— Problem description —
Copy exactly, and only, the lines from the one with "Ary dos Santos" to the end of the listing; omit pictures.

— Provided material —
▶
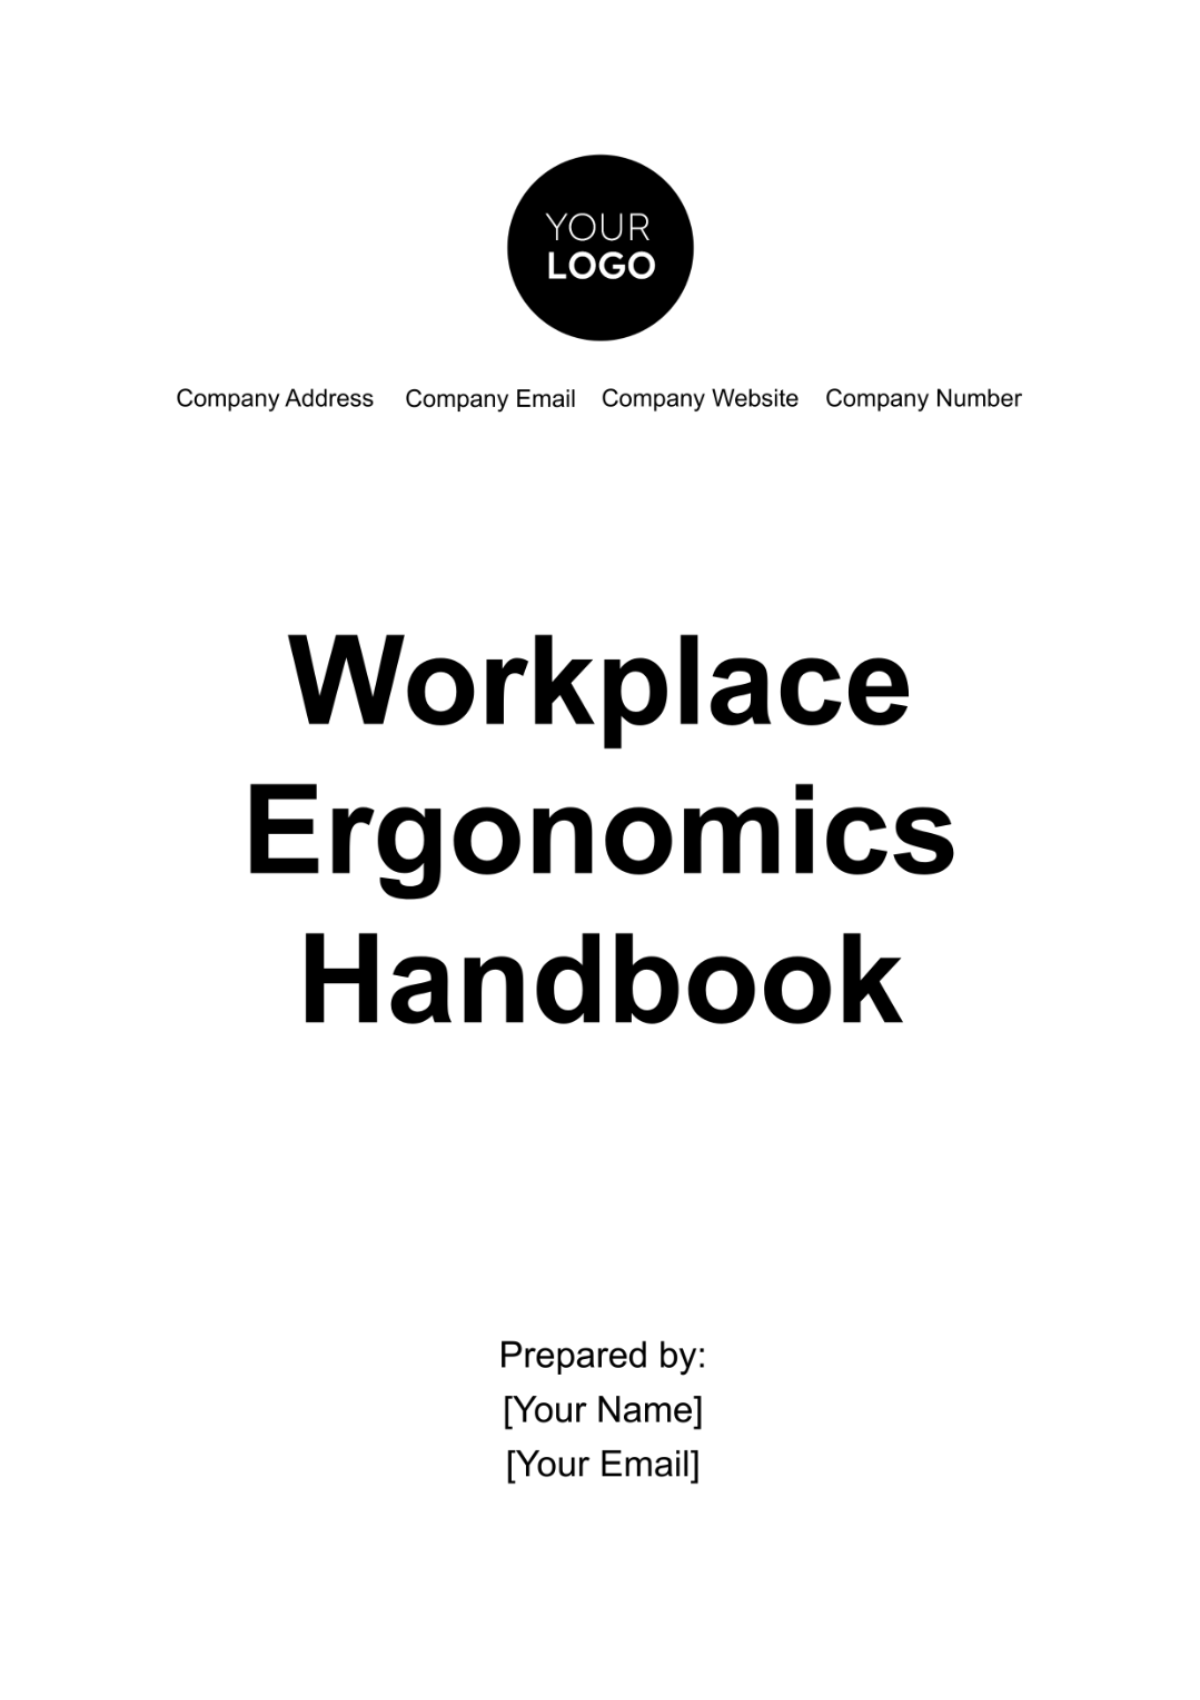 Workplace Ergonomics Handbook Template
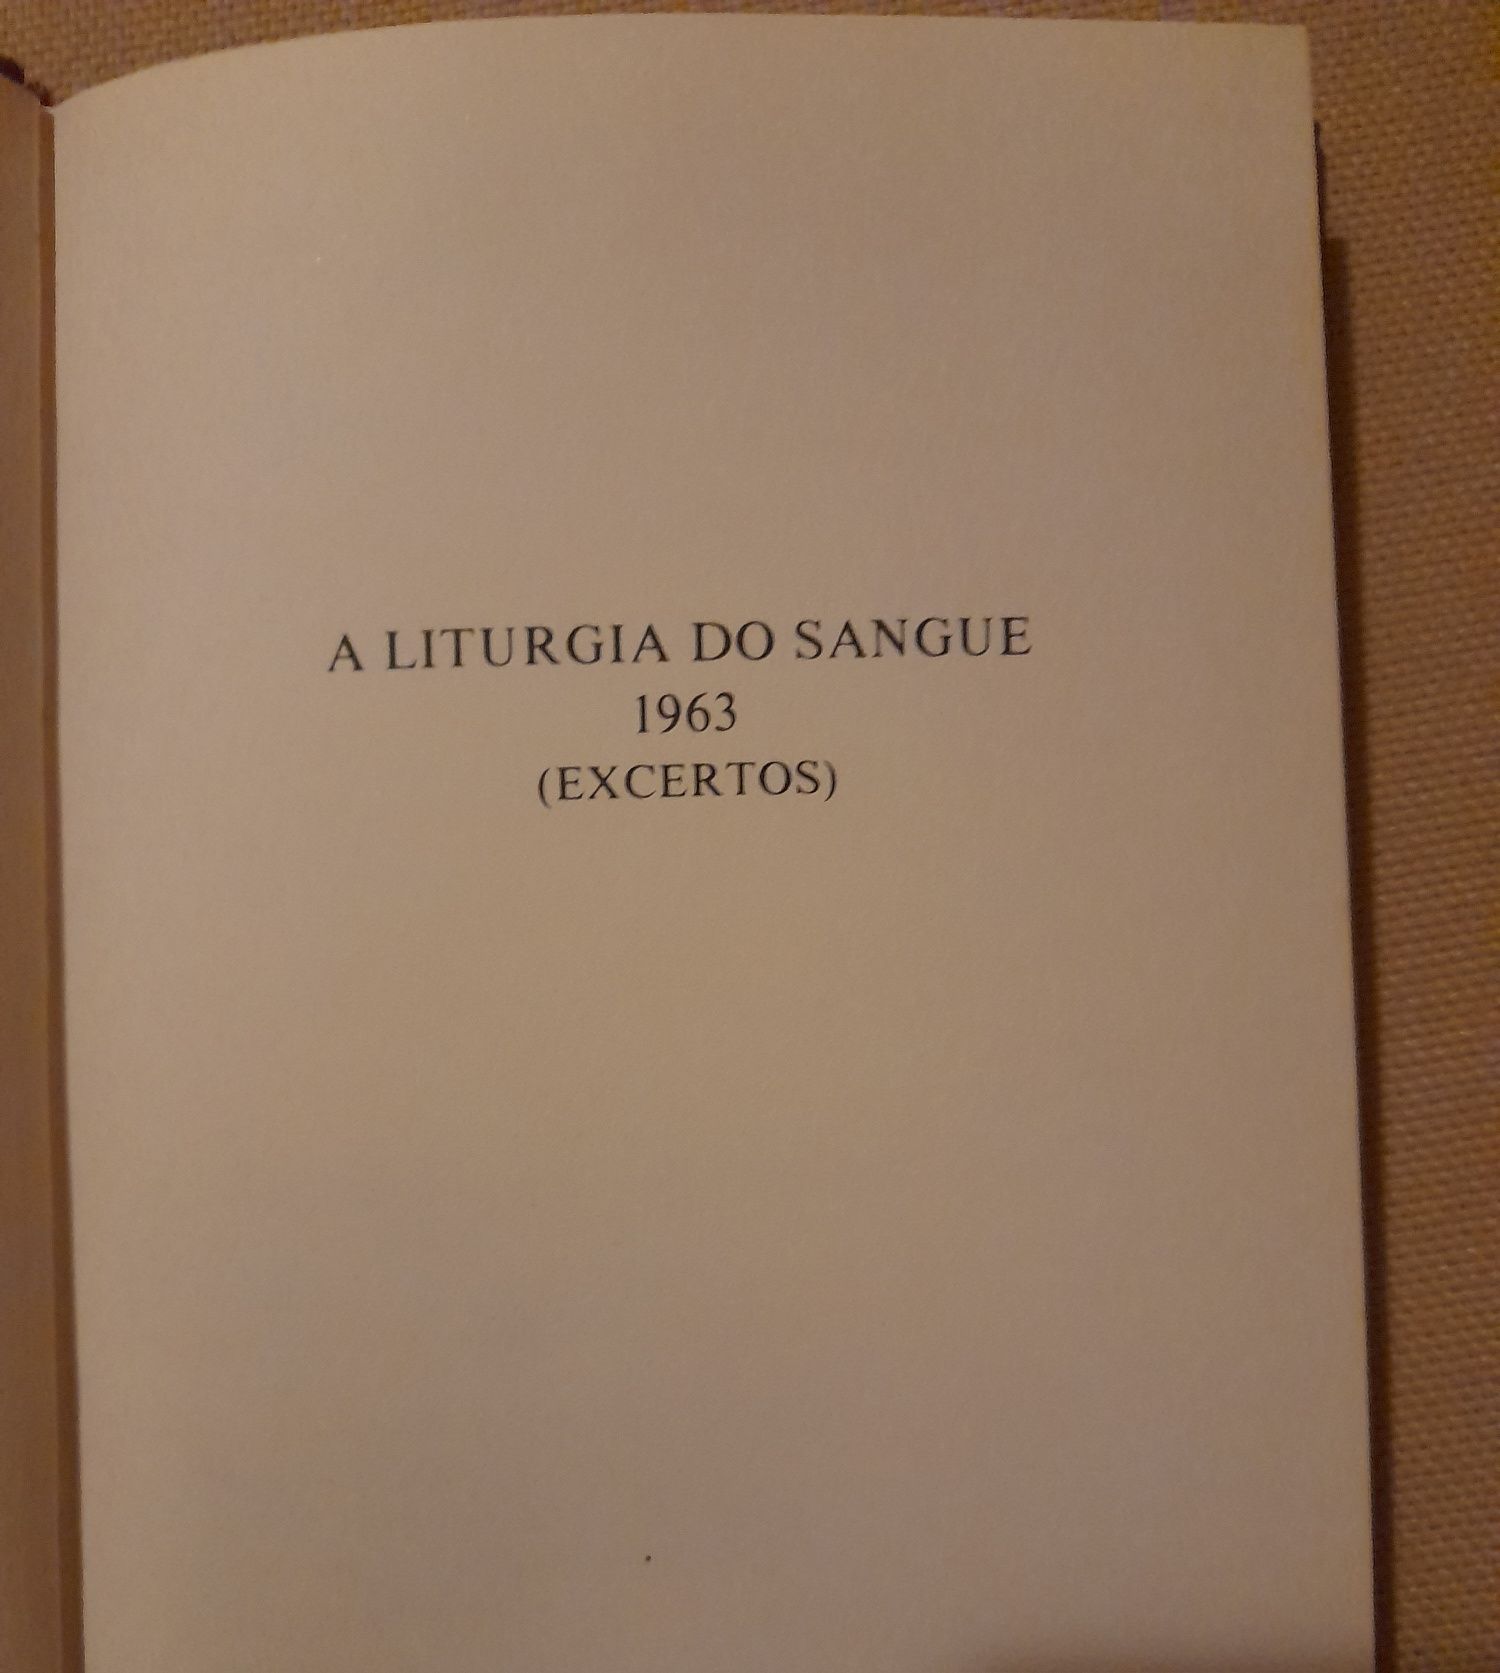 Ary dos Santos "Vinte anos de poesia"
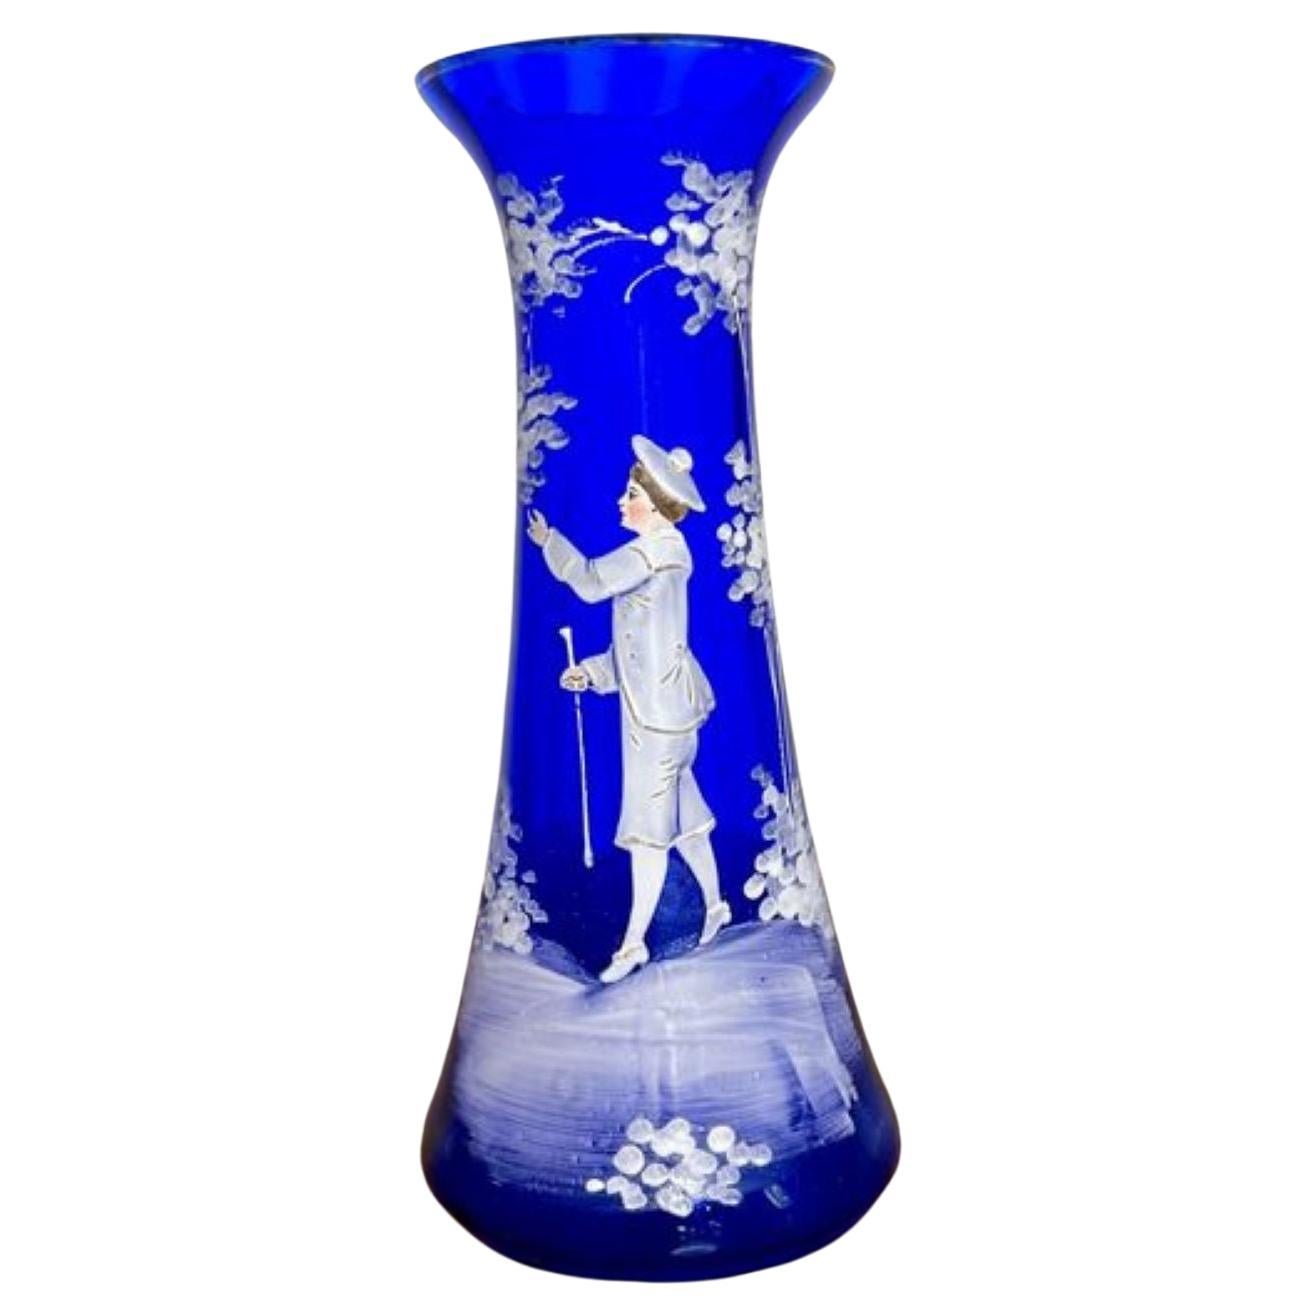 Superbe vase ancien en verre bleu Mary Gregory de qualité
◀
— Solved exercise —
 Ary dos Santos "Vinte anos de poesia"
 Superbe vase ancien en verre bleu Mary Gregory de qualité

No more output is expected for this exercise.